Council-backed company earmarked for $27.5 million take-over
SOUTHERN Phone, one of the largest telecommunications companies in regional Australia, has entered into a conditional agreement under which AGL Energy Limited is proposing to acquire the company.
Formed in 2002 by NSW councils, Southern Phone has 35 shareholders including Coffs Harbour City Council, Bellingen Shire Council and Upper Lachlan Shire Council.
AGL's 100% takeover is an all cash offer of $27.5 million.
This would deliver a return of $785,714 on each shareholder's total investment of $2.
When the company was established using a $4.77 million grant from the Australian Government's Networking the National scheme, the councils involved purchased two shares for just $1 each.
Southern Phone Managing Director, David Joss said given the shareholders are all local councils, the proposed acquisition by AGL presents a great opportunity for these councils to utilise the return to address priorities facing their local communities.
"Our company has grown to become one of the most successful providers of fixed line, mobile and Internet communications services across regional Australia," Mr Joss said.
"Our unique Local Government ownership structure has created a community focused business that has achieved great success. However, with the advent of the NBN the need for achieving a greater share of the market has significantly increased and the timing is now right for a new shareholding structure.

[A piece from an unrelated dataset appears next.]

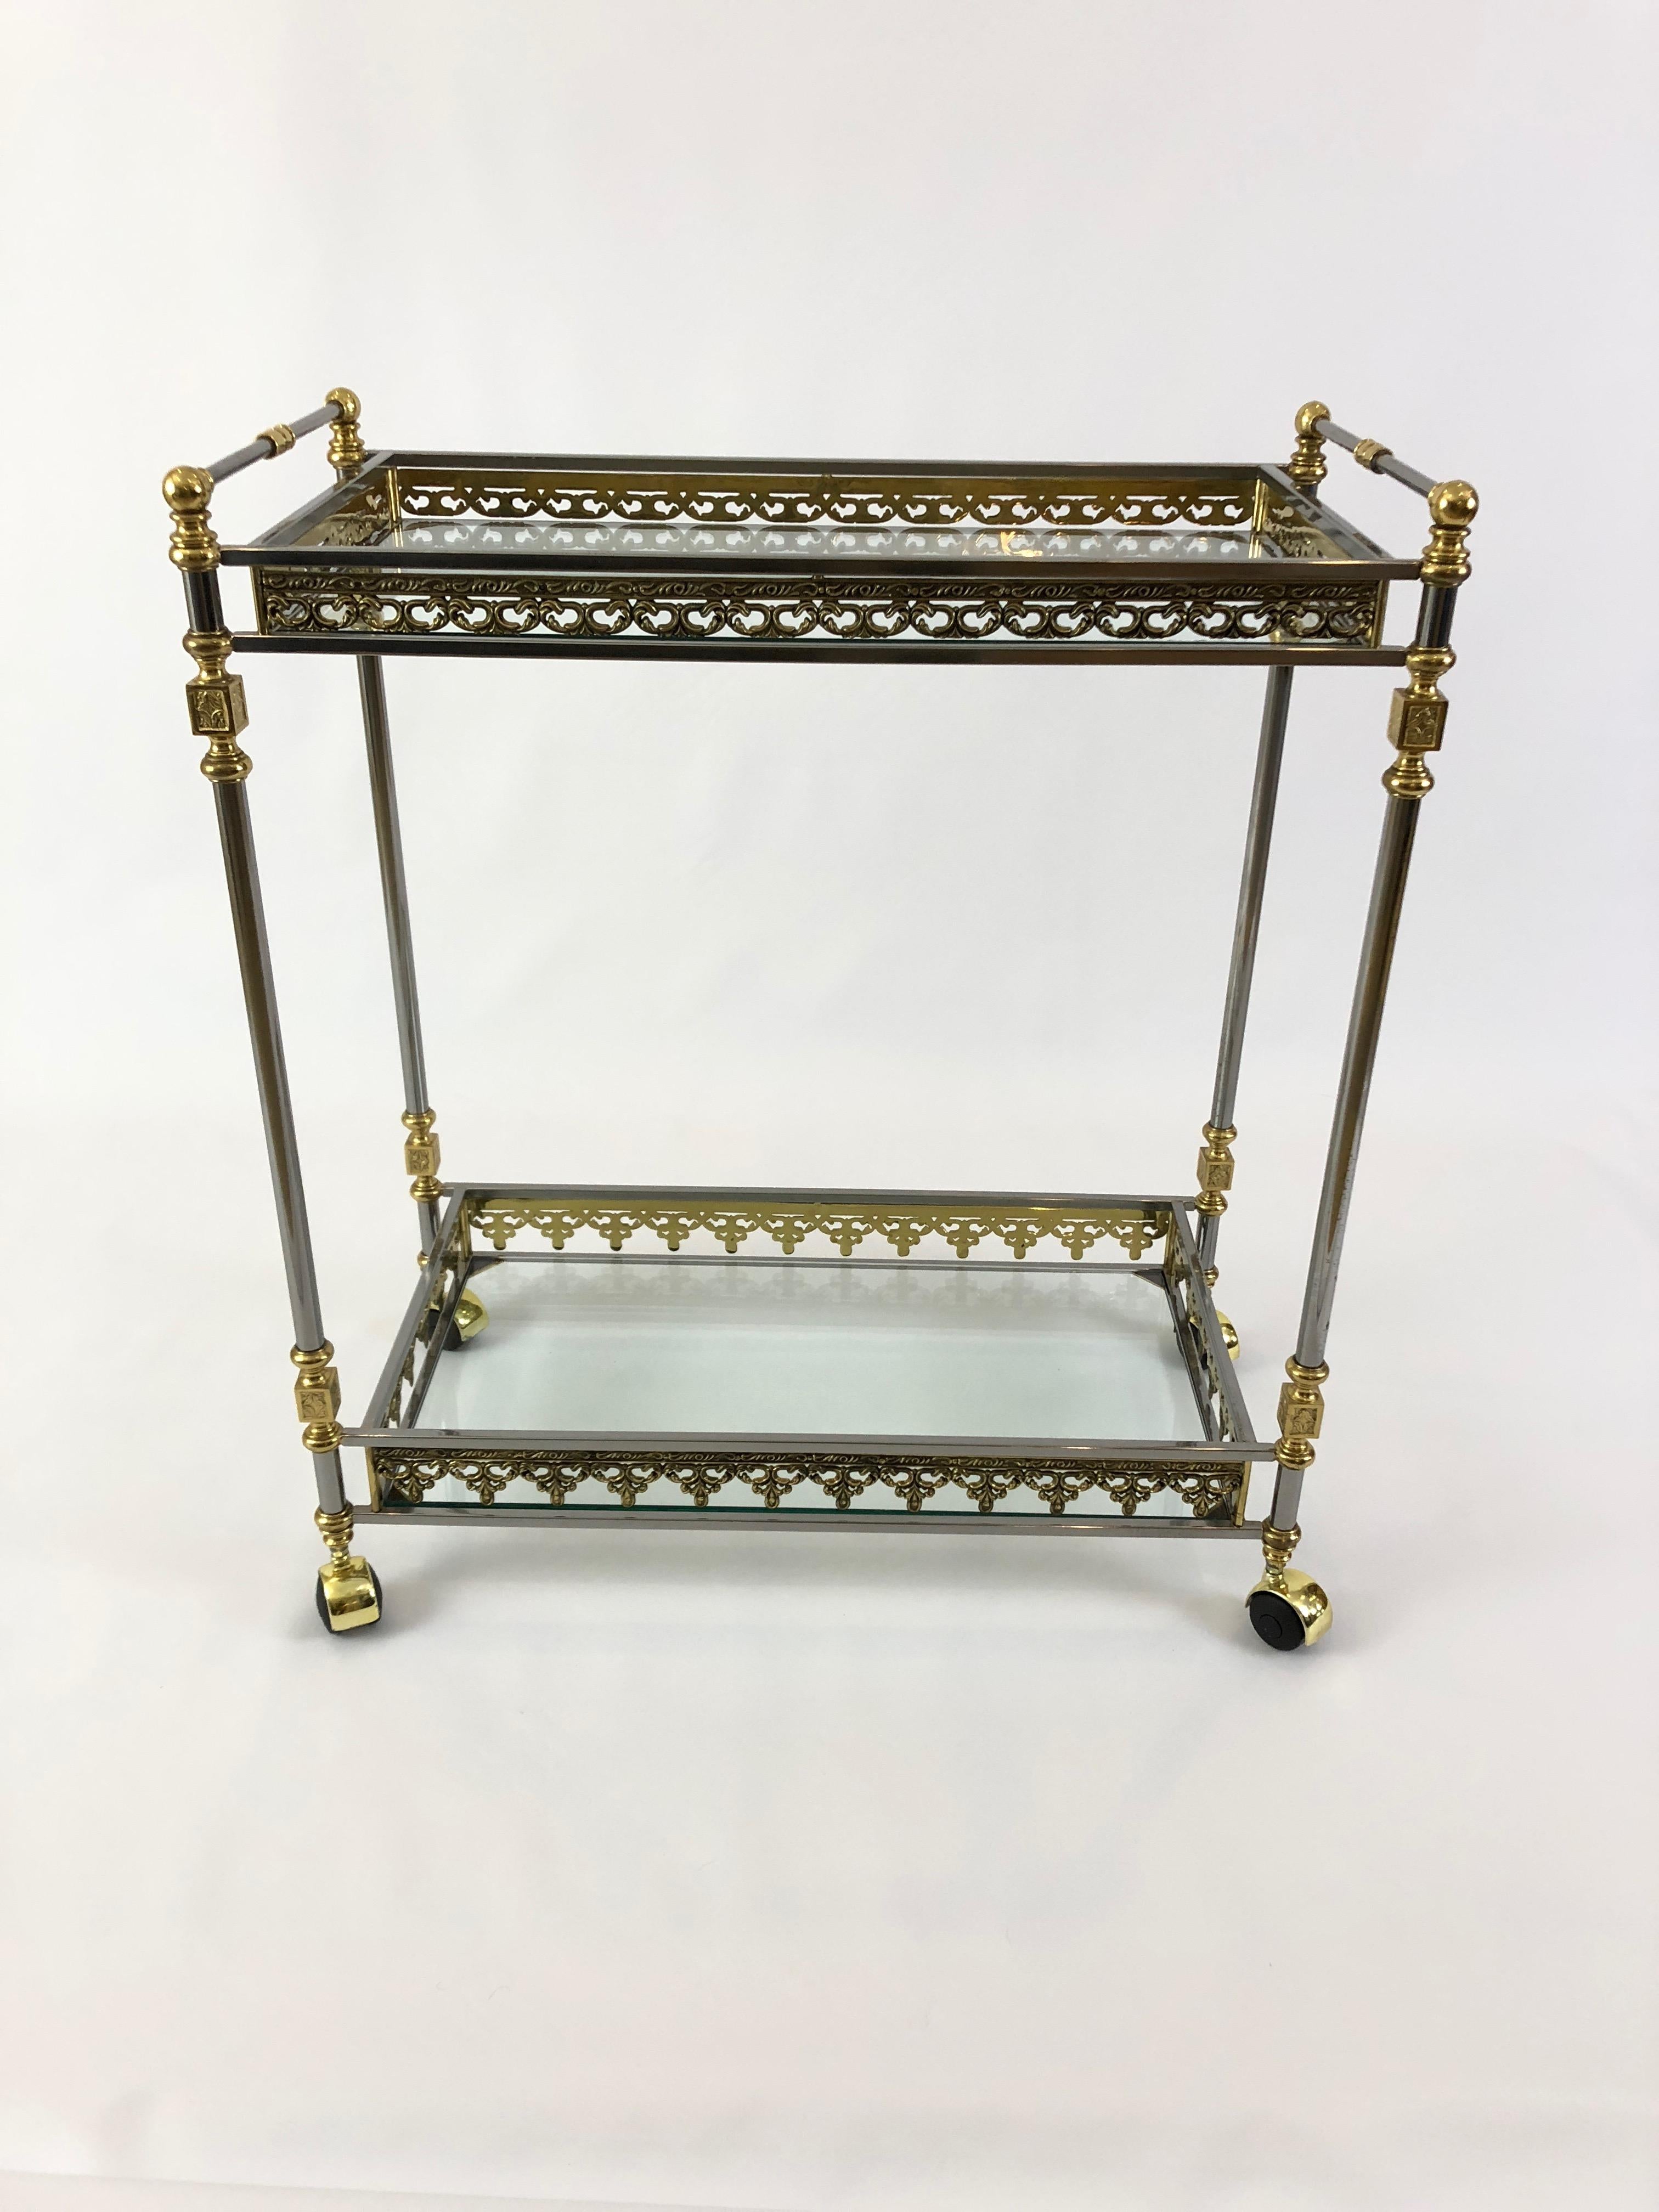 An unusually beautiful two-tier bar cart having an intricately decorative mix of brass and nickel with 2 glass shelves. Even the wheels are elegantly capped with brass. A rare find.

"AGL is committed to maintaining the Southern Phone brand and products, as well as the existing business operations and telecommunications services to our 100,000 customers, across regional Australia.
"Importantly, AGL will continue to retain the Southern Phone team.
"We believe the AGL offer is a great opportunity for our shareholders, our staff, our customers."
Southern Phone's current constitution limits ownership to Australian local government shareholders and it can only self-generate capital.
Although community ownership has been a strong tenet of the business in the past, now is the right time to change the structure and establish the ability to leverage shareholder capital, according to the company's directors.
Mr Joss said the Southern Phone Board unanimously recommends shareholders accept the AGL offer.
"The board has made this decision based on independent advice that the offer represents fair value for shareholders and provides a great outcome for the company, its customers and the regional communities we serve," he said.
AGL CEO and Managing Director, Brett Redman, said the acquisition presents a range of exciting opportunities for their residential and small business customers.
"We are focused on responding to our customers' evolving needs as we transform from a major energy retailer to a major, broader essential service provider."
"We believe the acquisition, as part of our broader strategy, will create significant value for our connected customers and also for our shareholders."